Streaming API modification proposal #242

lmyslinski opened this issue Jun 10, 2019 · 9 comments

Comments

@lmyslinski
Copy link
Contributor

lmyslinski commented Jun 10, 2019

Hi,
first of all, thanks for building this library. It's awesome. With that said, I have a number of problems with the streaming API. I'm trying to build a service that is supposed to consume tweets 24/7, and the design of the API makes it really hard to handle any issues.

Twitter describes a pretty large collection of errors and reasons for shutting down a stream. The user of the API has no reasonable way to react to that. Let's say we use the method filterStatuses. It returns a Future[TwitterStream]that returns Success as soon as the connection is established. All events are processed within a partial function. Let's say the stream receives a DisconnectMessage - the application can only respond to that by using side effects. What is more, type of the error received impacts the retry operation that should be performed. Some errors require immediate retry, others should be handled with backoff strategy. I found about all of this after seeing that my stream has been running for days but has not been receiving any new messages.

Therefore I would like to propose one of two solutions:

  • Changing the result of streaming functions to something like ([Future[TwitterStreamHandle], Future[StreamResult]]). This would allow the end user to manually close the stream, as it is right now, as well react to errors that occur in a functional manner. I would also supply an example with proper retry strategies that would keep the stream working.
  • Better yet, I believe that the retry behaviour should be integrated into the library itself. The backoff/instant retry based on error messages will require a bit of work to get right. I don't see a need for the end user to implement this on his own. In that case we could just add a simple flag parameter autoHandleStreamErrors that would enable the retry mechanism in case of any issues.

Please let me know what you think about this, I'm happy to implement either of these solutions.

@DanielaSfregola
Copy link
Owner

Hi @Humblehound! Thank you for the nice words!

Yes I totally agree with you: the Streaming API is far from perfect and we need to dedicate some proper love to it (I have other tickets related to this, I will try to link them here later on).

I'll try to think of this and come back to you by tomorrow so that we can finalize an API. Ideally we need to come up with an API that looks simple but it is flexible enough to make it configurable.

Maybe trying to have some snippets of code on how this could look could help in making a decision?

Let's brainstorm! :D

@lmyslinski
Copy link
Contributor Author

I'd be happy to! So I've tried implementing the first approach, I don't really like it since a tuple of two futures is not a monad so you can't map over it... I think it would be best to see how this could be implemented and work up towards what the API could look like. To start - I think this fragment is crucial:

val killSwitch = KillSwitches.shared(s"twitter4s-${UUID.randomUUID}")

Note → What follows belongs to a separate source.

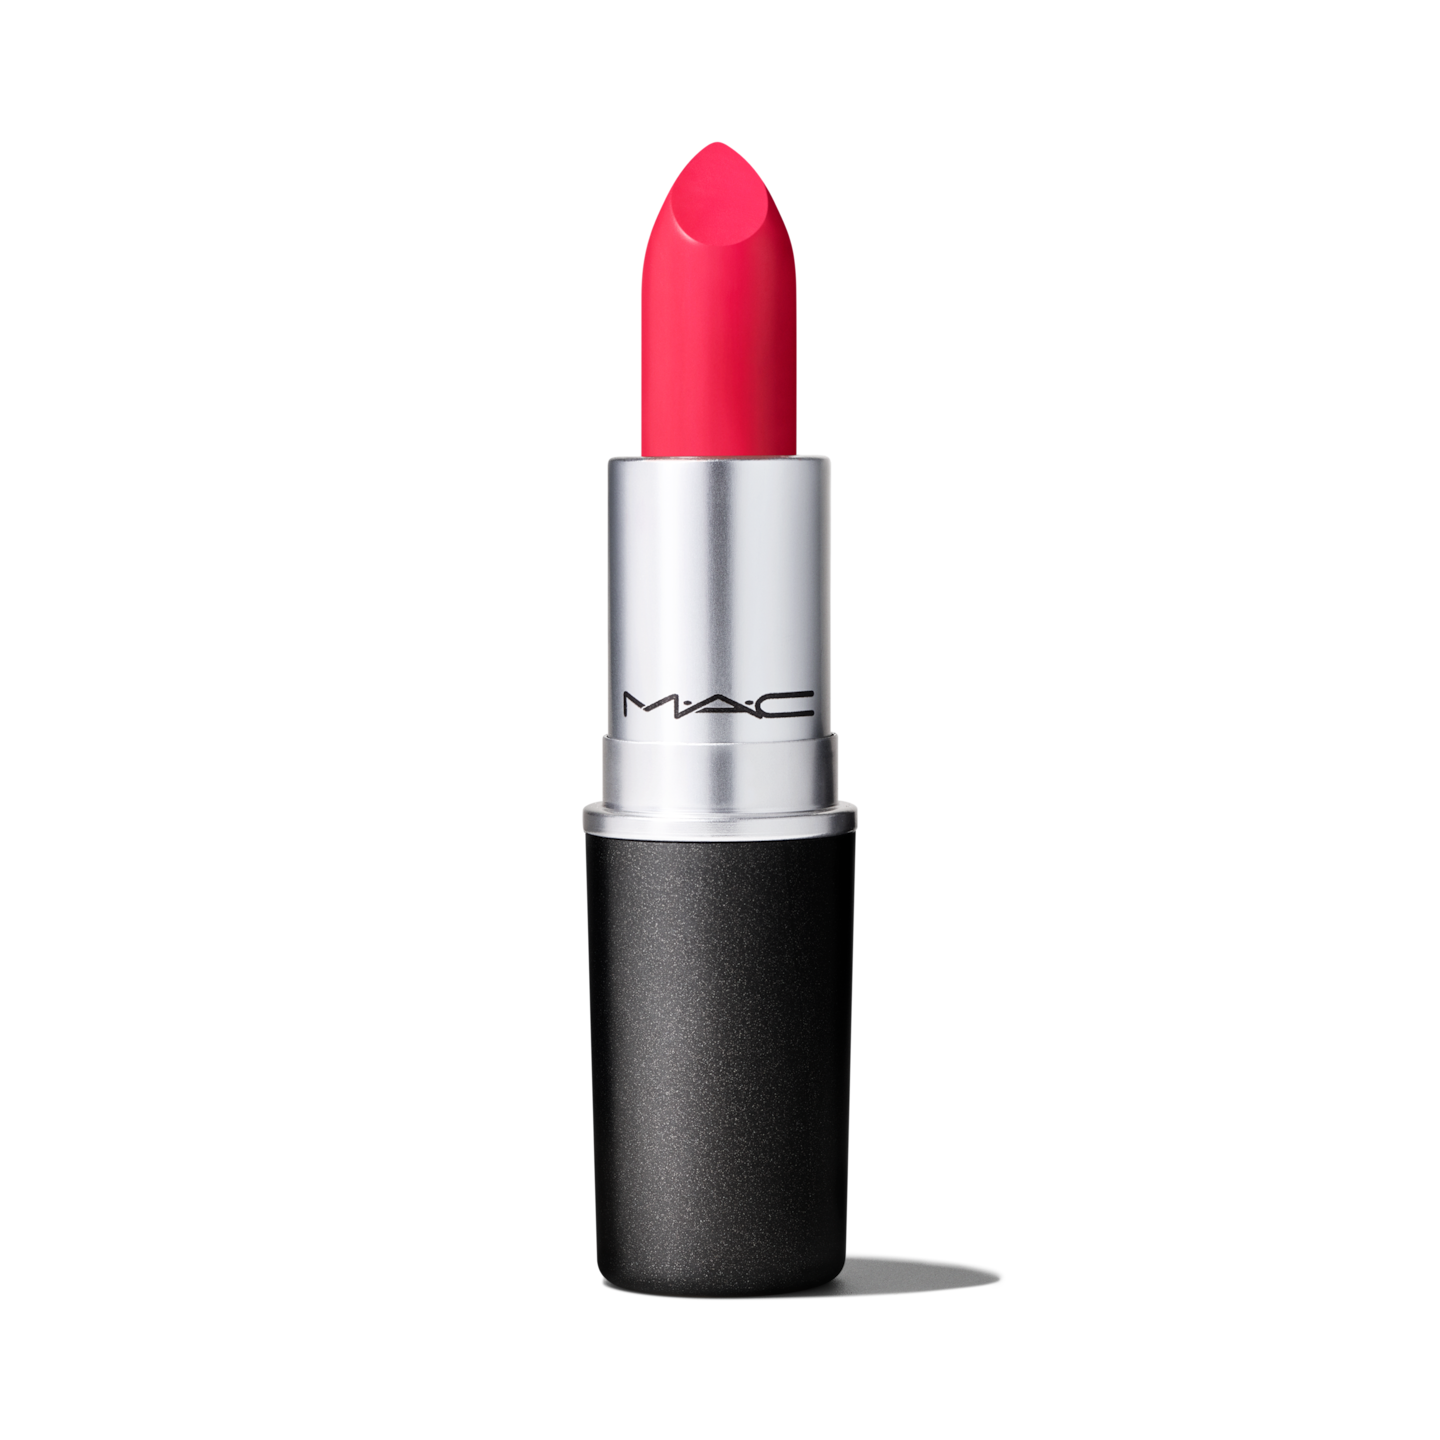 Mac in Egypt - Yash MATTE MAC lipstick is now available by order, whatsapp  or contact 01225500355 or 01227199625 for orders and details. Price 480LE

    val processing = Source
      .single(request)
      .via(connection)
      .flatMapConcat {
        case response if response.status.isSuccess =>
          successResponse = true
          processBody(response, killSwitch)(f, errorHandler)
          if (!successResponse) {
            Source.single(StreamResult())
          } else {
            Source.empty
          }
        case failureResponse =>
          val statusCode = failureResponse.status
          val msg = "Stream could not be opened"
          parseFailedResponse(failureResponse).map(ex => logger.error(s"$msg: $ex"))
          Source.failed(TwitterException(statusCode, s"$msg. Check the logs for more details"))
      }
      .runWith(Sink.head)
//      .map(x => (x, killSwitch))

    val switch = Future {
      val pullingTimeMillis = 250
      while (!successResponse) { Thread.sleep(pullingTimeMillis) }
      killSwitch
    }
    (switch, processing)
//    Future.firstCompletedOf(Seq(processing, switch))
}
...
case class StreamResult()

As you can see I've modified it slightly already. I've used akka-streams a couple of times, but to date I still think it's the most complex library I've used. The most needed part is extracting the failure information from the stream. Here I've used the existing flag as a placeholder for event parsing information. The complete flow could look like this:

  • On each event, before or after applying the partial function f we search for error messsages. If one is found, a StreamResult is emitted from the Stream. If no error is found, nothing is emitted (as it is currently implemented).
  • Now that we know that our stream has stopped working, we can:
    • emit a new request down the stream
    • close the stream and start a new one (possibly the first option would be better)
    • kill it and leave it up to the API user to create a new stream
    • ??

The main problem for me seems to be exposing the killswitch to the user alongside processing result. I'm wondering if we could lift the killswitch up in the hierarchy - there is no need to have it as low. We definitely need to make sure that one killswitch is always bound to one stream. We could modify the control flow - return to the user an object that contains the killswitch without the spawned stream. Then this object could have a method for running the actual stream, while the killswitch would already be available to the user. Example:

def filterStatuses(params: String): TwitterStream = new TwitterStream(params)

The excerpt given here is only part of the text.